We still have moderates today. Most of them are not as brilliant, as inspiring, or as dedicated as Martin Luther King Jr. And most of them are MORE moderate. But we’ve got thousands of them. What we do not have is the band of brothers and sisters that was the Student Nonviolent Coordinating Committee (SNCC). We do not have a group of people effectively setting the nation’s agenda by laying their lives on the line for complete justice now and nothing less. And we are the weaker for it. The right wing has its extremists who make its moderate positions middle-of-the-road. We only have moderates, who must therefore be dismissed as extreme.
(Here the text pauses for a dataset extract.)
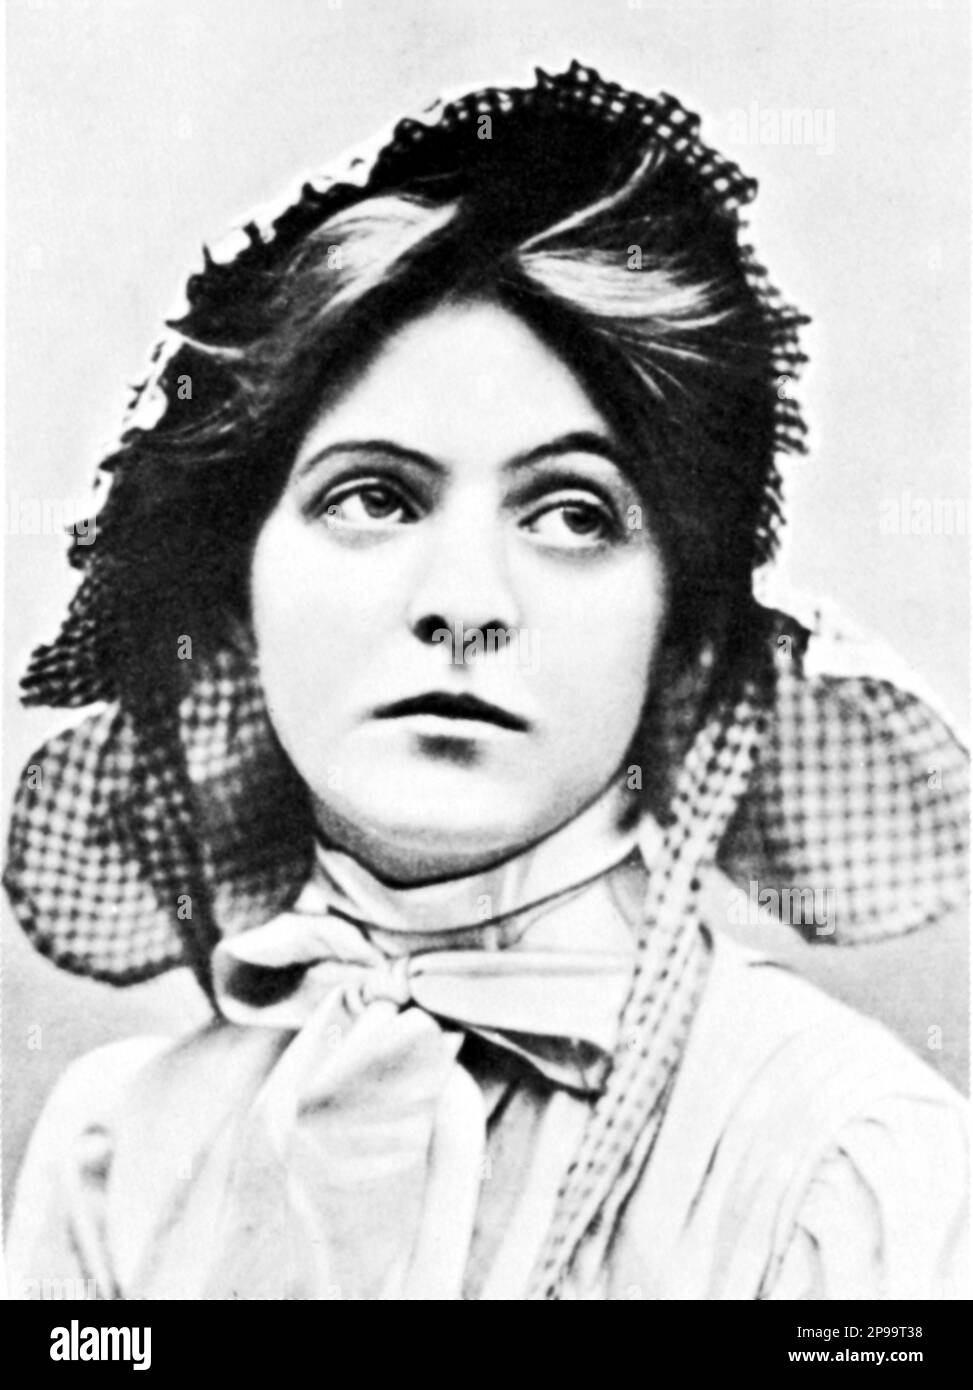 1910 Ca : La actriz de cine mudo MABEL TALIAFERRO ( New York 1887 - Honolulu 1979 ) en una pubblicidad todavía . Escenario estadounidense, y una actriz de pantalla silenciosa, conocida como El amor de las películas estadounidenses. Taliaferro descendió de una de las primeras familias que se establecieron en Virginia en el siglo 17th, los Taliaferros, cuyos orígenes se remontan al norte de Italia. En 1912, apareció en la versión cinematográfica de Cenicienta de Selig Studios, y continuó actuando en películas hasta su jubilación en 1921. En 1940, ella apareció en su foto final, My Love Came Back. Taliaferro era una hermana Foto de stock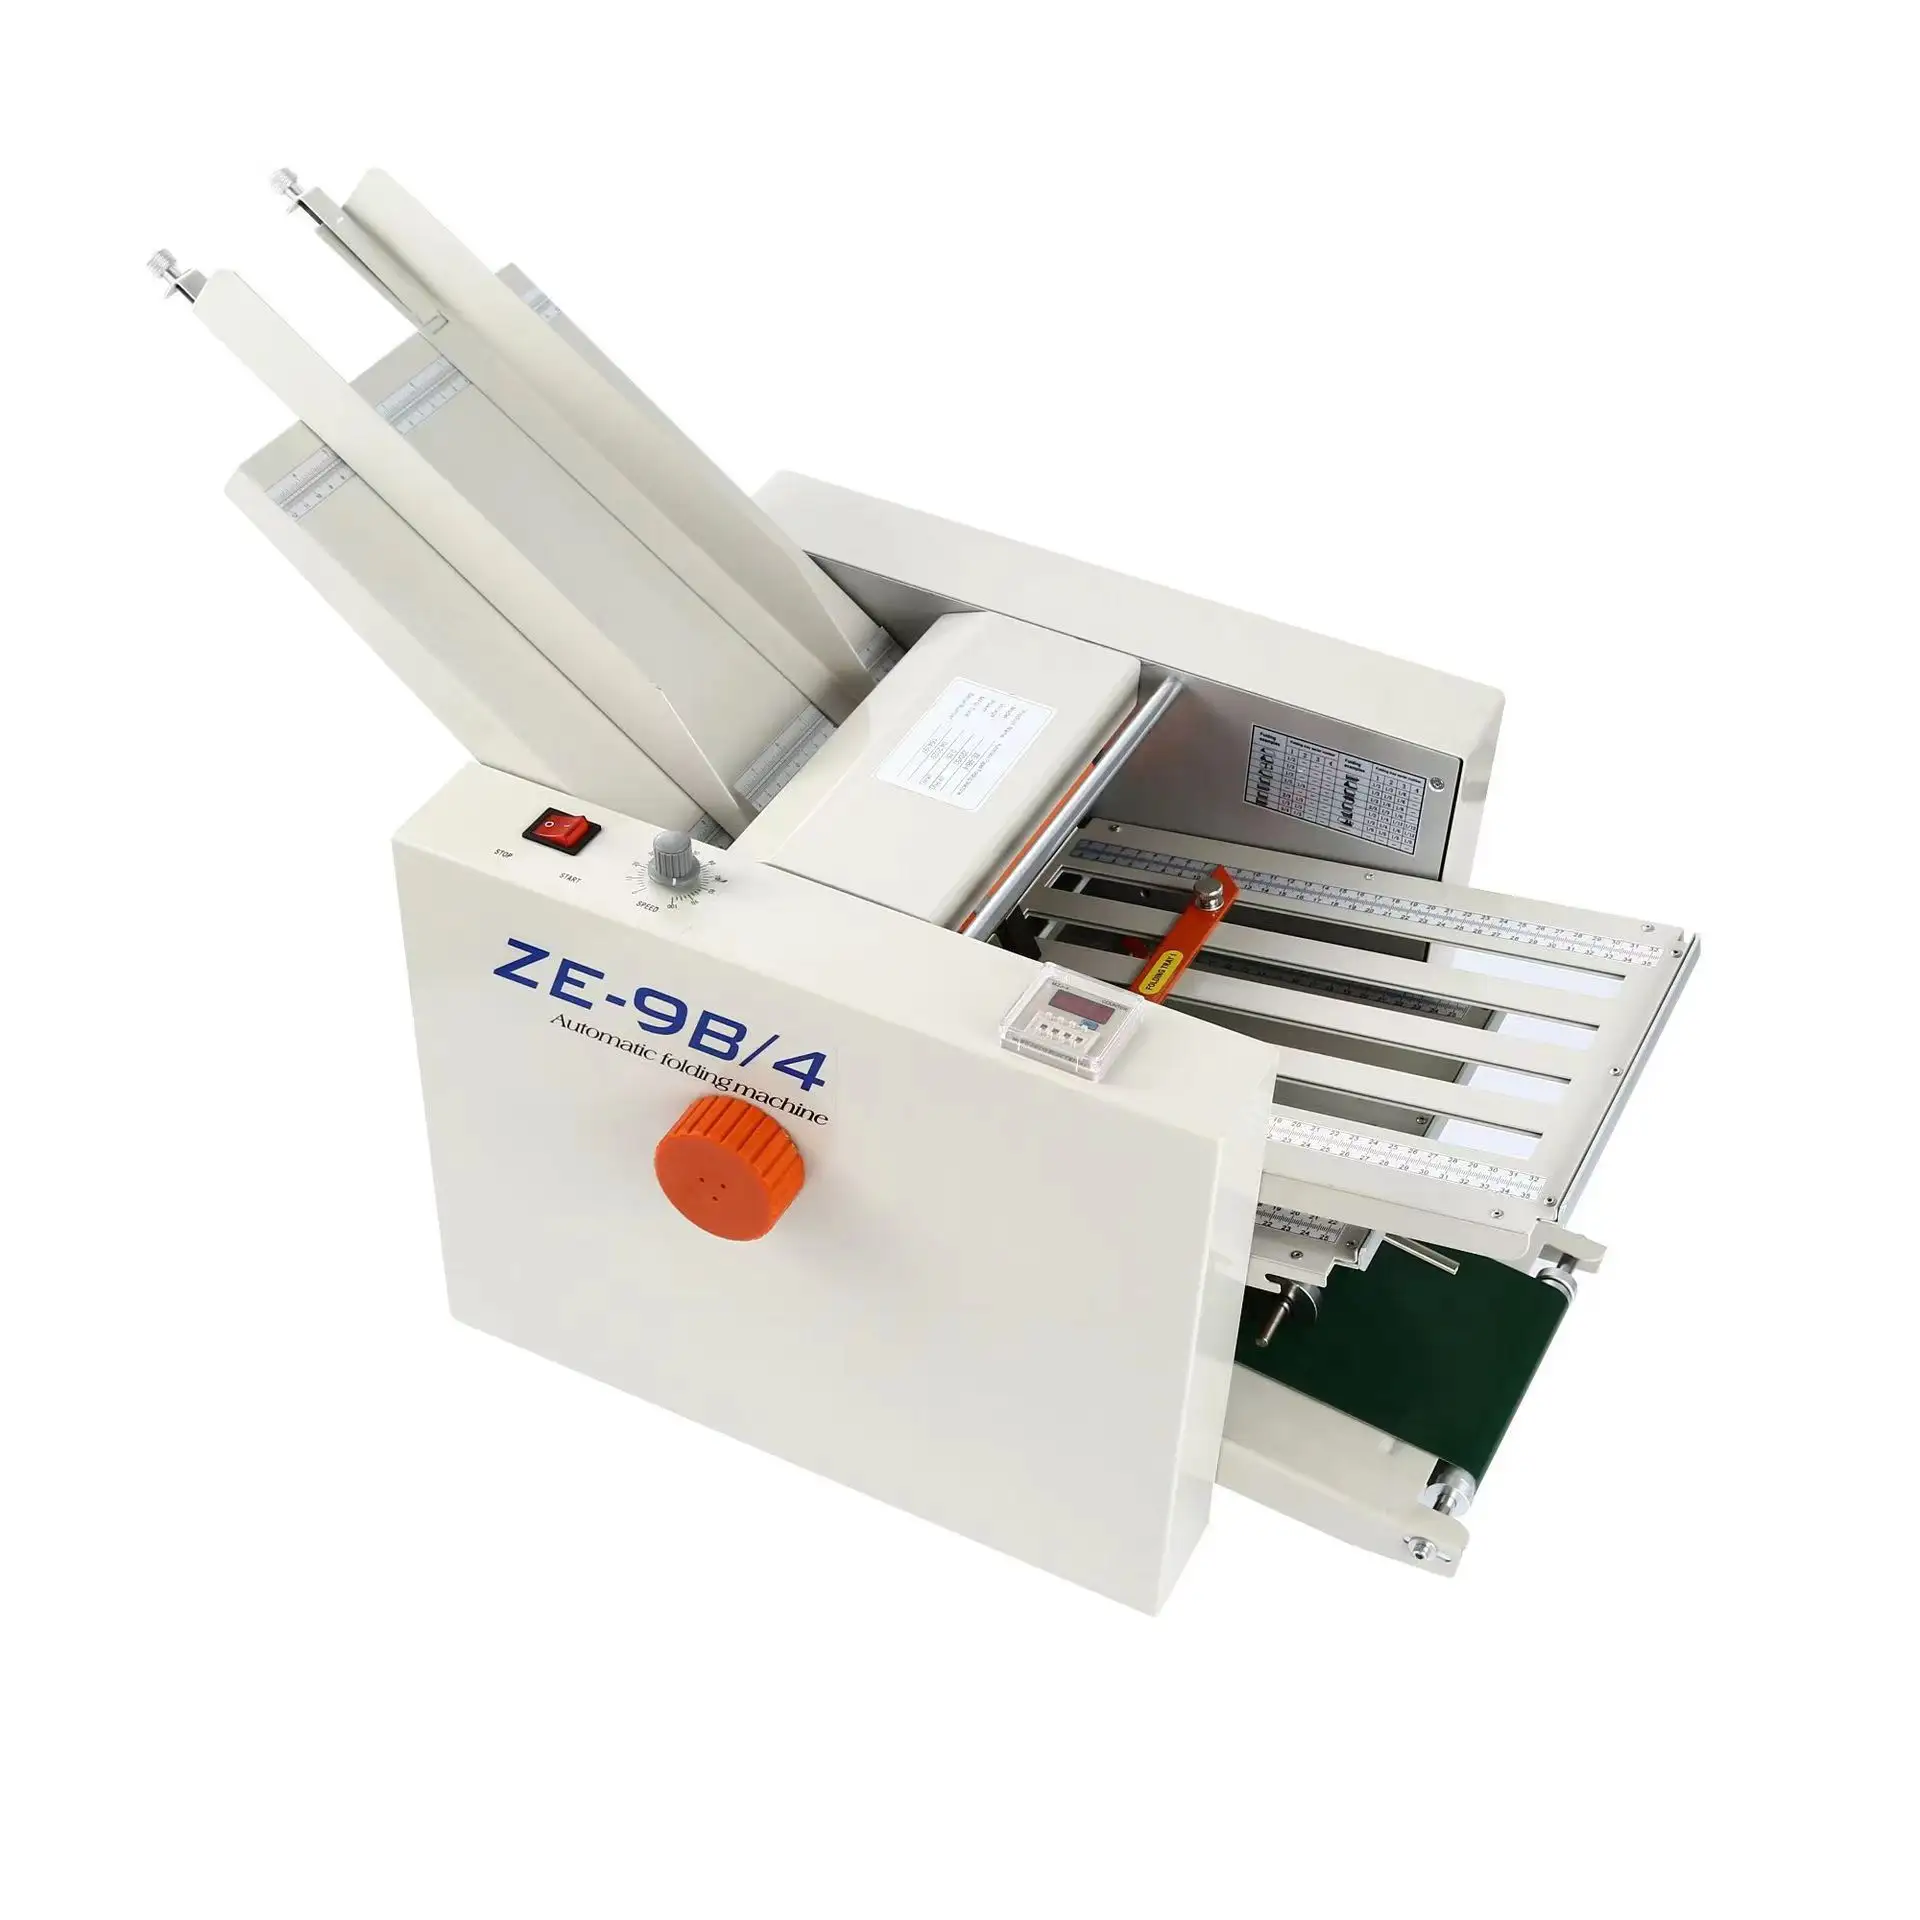 Sanying commerciale automatico ZE 9B/4 automatico cartella di carta istruzioni catalogo carta Multi piegatrice

In the past week, we have seen many progressive organizations speak out for election reform and voting rights, denouncing the suppression of black votes that was seen in Ohio and other states last November 2nd. This includes hip new online groups like MoveOn and 527s like ACT. But between November 3rd and January 6th, these organizations made no significant contributions to preventing the theft of an election. From the day that Senator John Kerry conceded to the day Congress certified the vote, members of what Jim Forman used to call the liberal-labor syndrome refused to stick their necks out. Even now, they will not suggest that there is any doubt Bush won. This describes the behavior of every international union and of the AFL-CIO, as well as the 527s, MoveOn (which sent a message to the Ohio region prior to a Jan. 3 rally, but nationally focused on Social Security that week), People for the American Way (which released a report on election problems along with a coalition of groups but did not connect it to any effort to stop the certification of the election or any suggestion that Bush did not win), and – of course – the majority of Democratic senators and representatives. Various small groups did act, and Rev. Jesse Jackson became a leading spokesman for those objecting to a stolen election. The coalition cobbled together was surprisingly successful in moving Congress Members and Senators to at least give lip service to the matter. The seeds of something may have been sown. But a mass movement was not organized. Civil disobedience was not used. (One arrest in the U.S. Senate was not reported on and accomplished nothing.)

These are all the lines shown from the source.